Task => Please transcribe the listing below in full, exactly as written, leaving out its pictures.

Available data =>
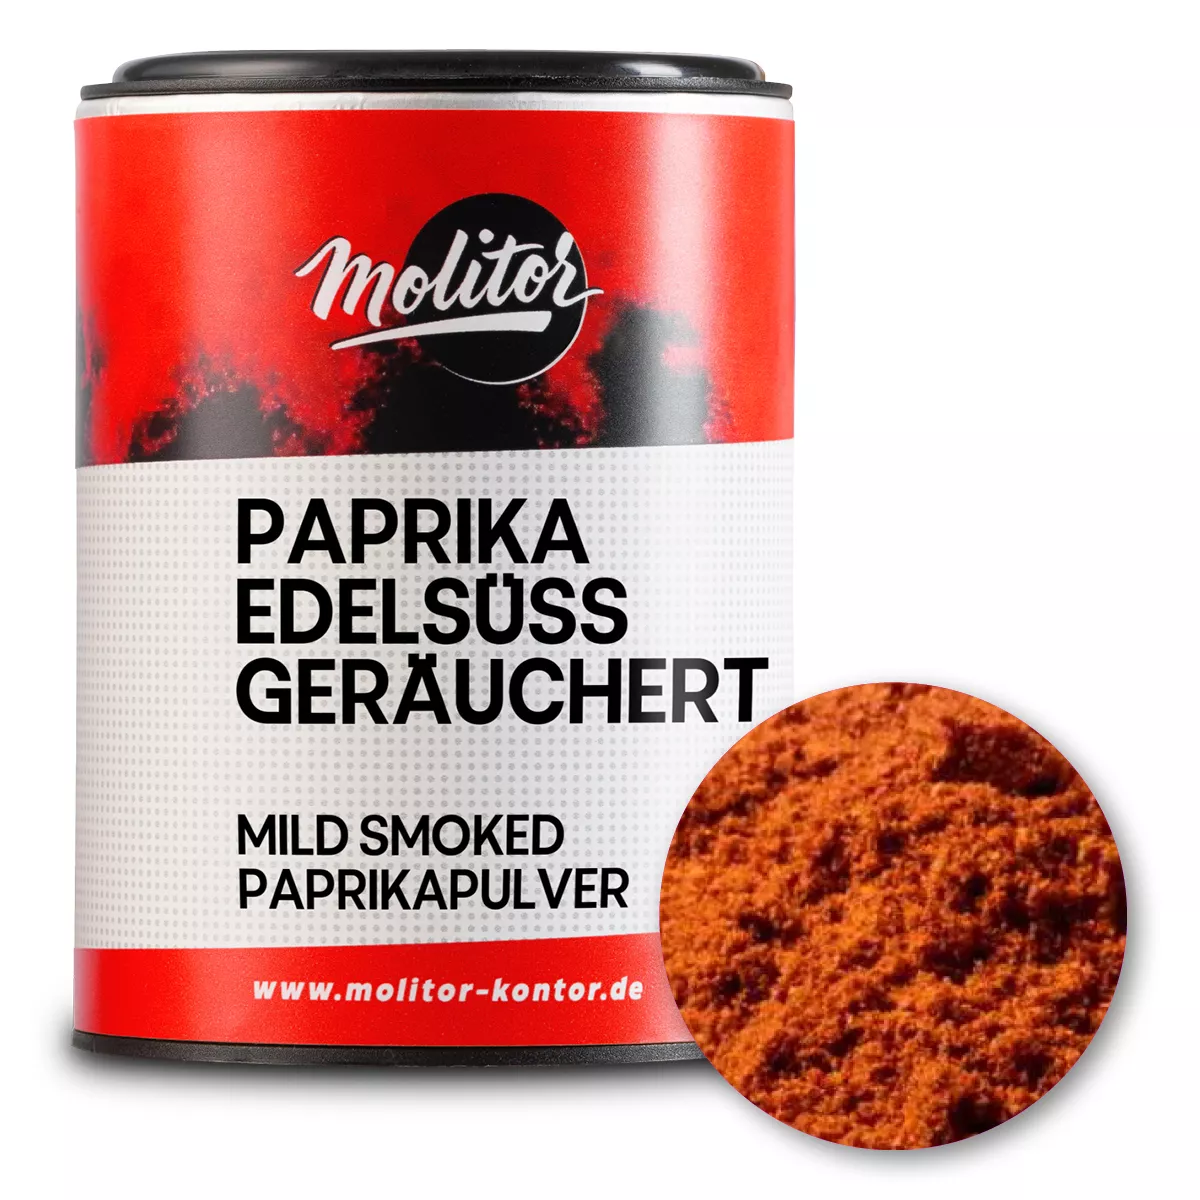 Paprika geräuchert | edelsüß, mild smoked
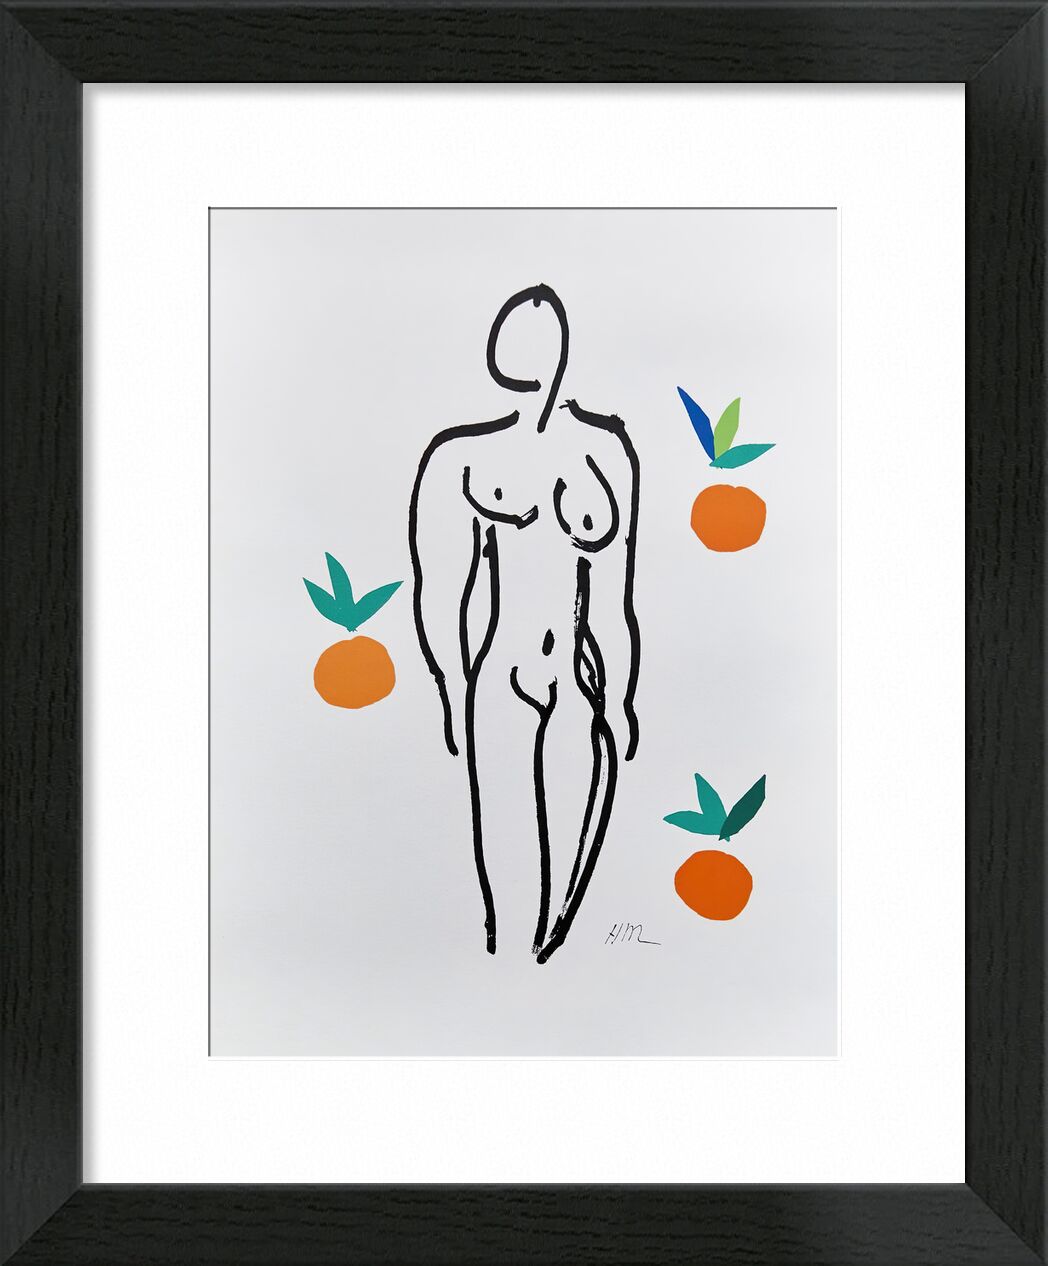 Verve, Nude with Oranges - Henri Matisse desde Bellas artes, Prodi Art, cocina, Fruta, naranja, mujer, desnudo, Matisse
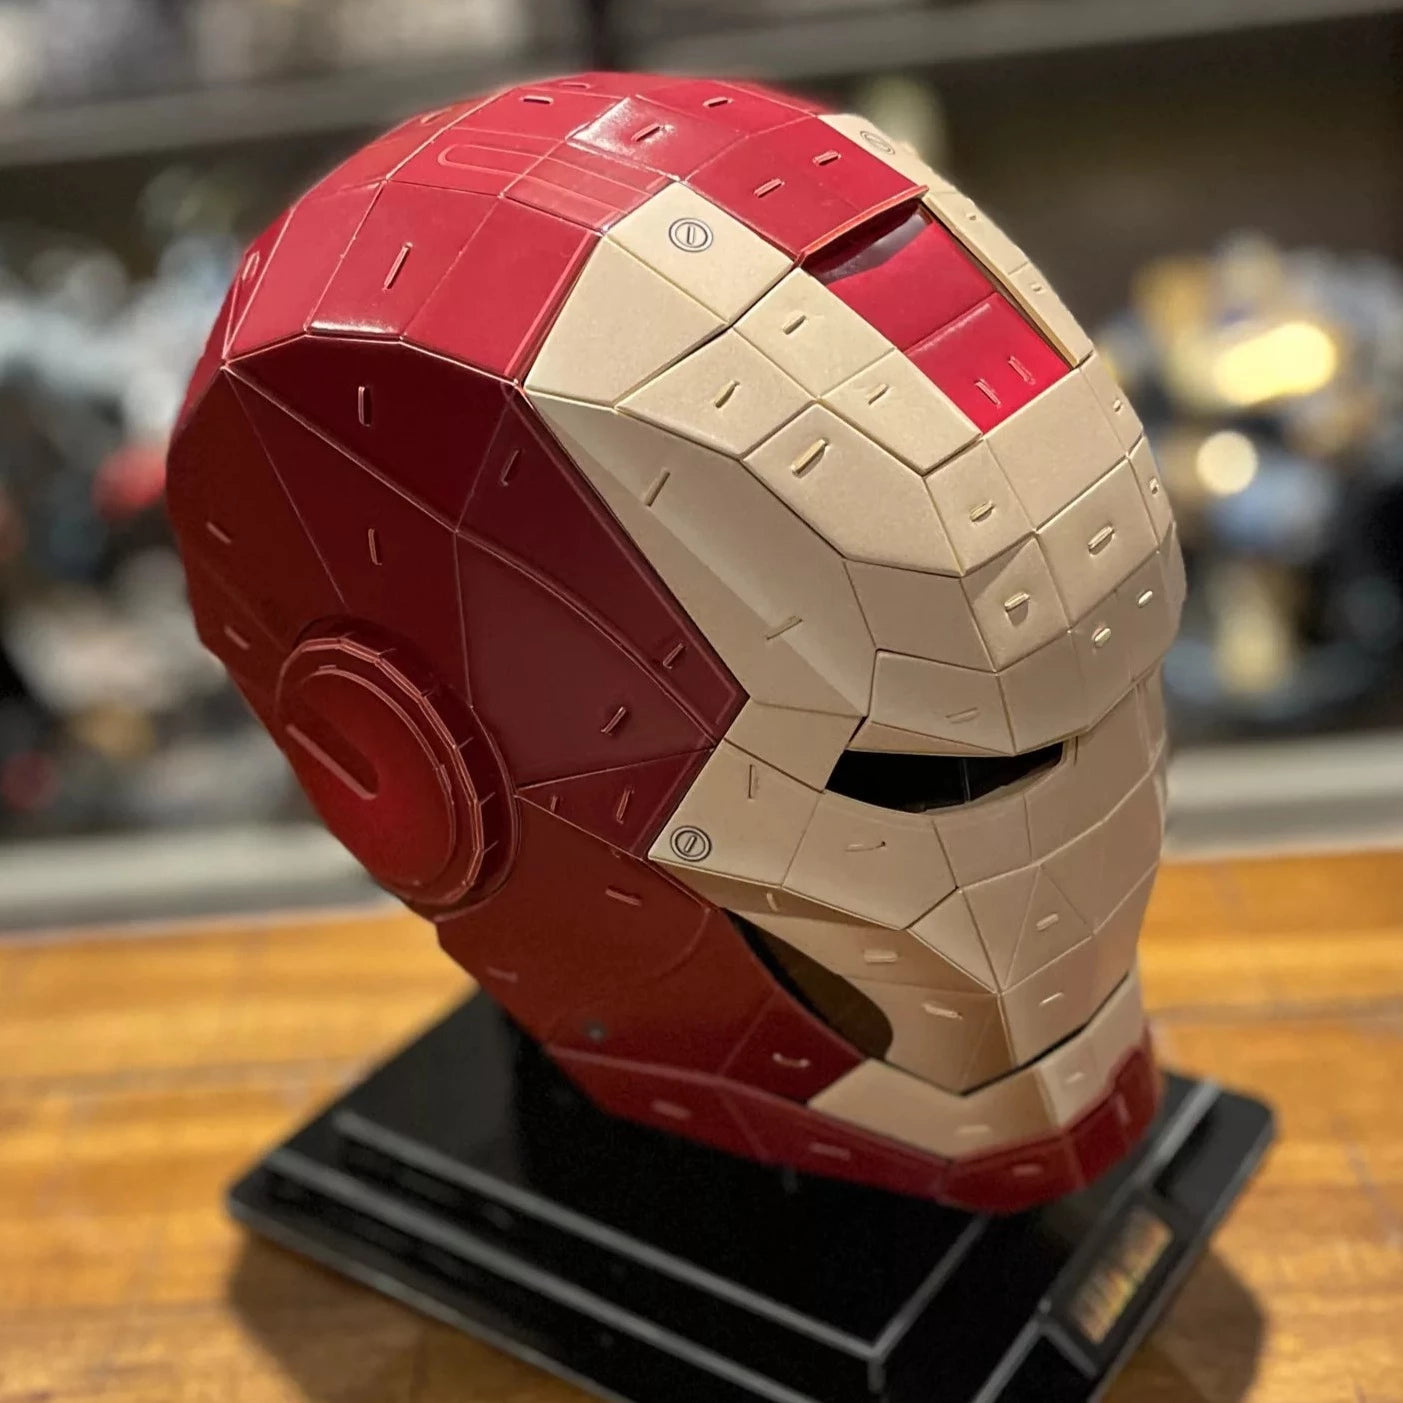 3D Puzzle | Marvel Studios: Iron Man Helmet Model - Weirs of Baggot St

Completed exercise =>
 Paprika geräuchert | edelsüß, mild smoked
 Verve, Nude with Oranges - Henri Matisse desde Bellas artes, Prodi Art, cocina, Fruta, naranja, mujer, desnudo, Matisse
 3D Puzzle | Marvel Studios: Iron Man Helmet Model - Weirs of Baggot St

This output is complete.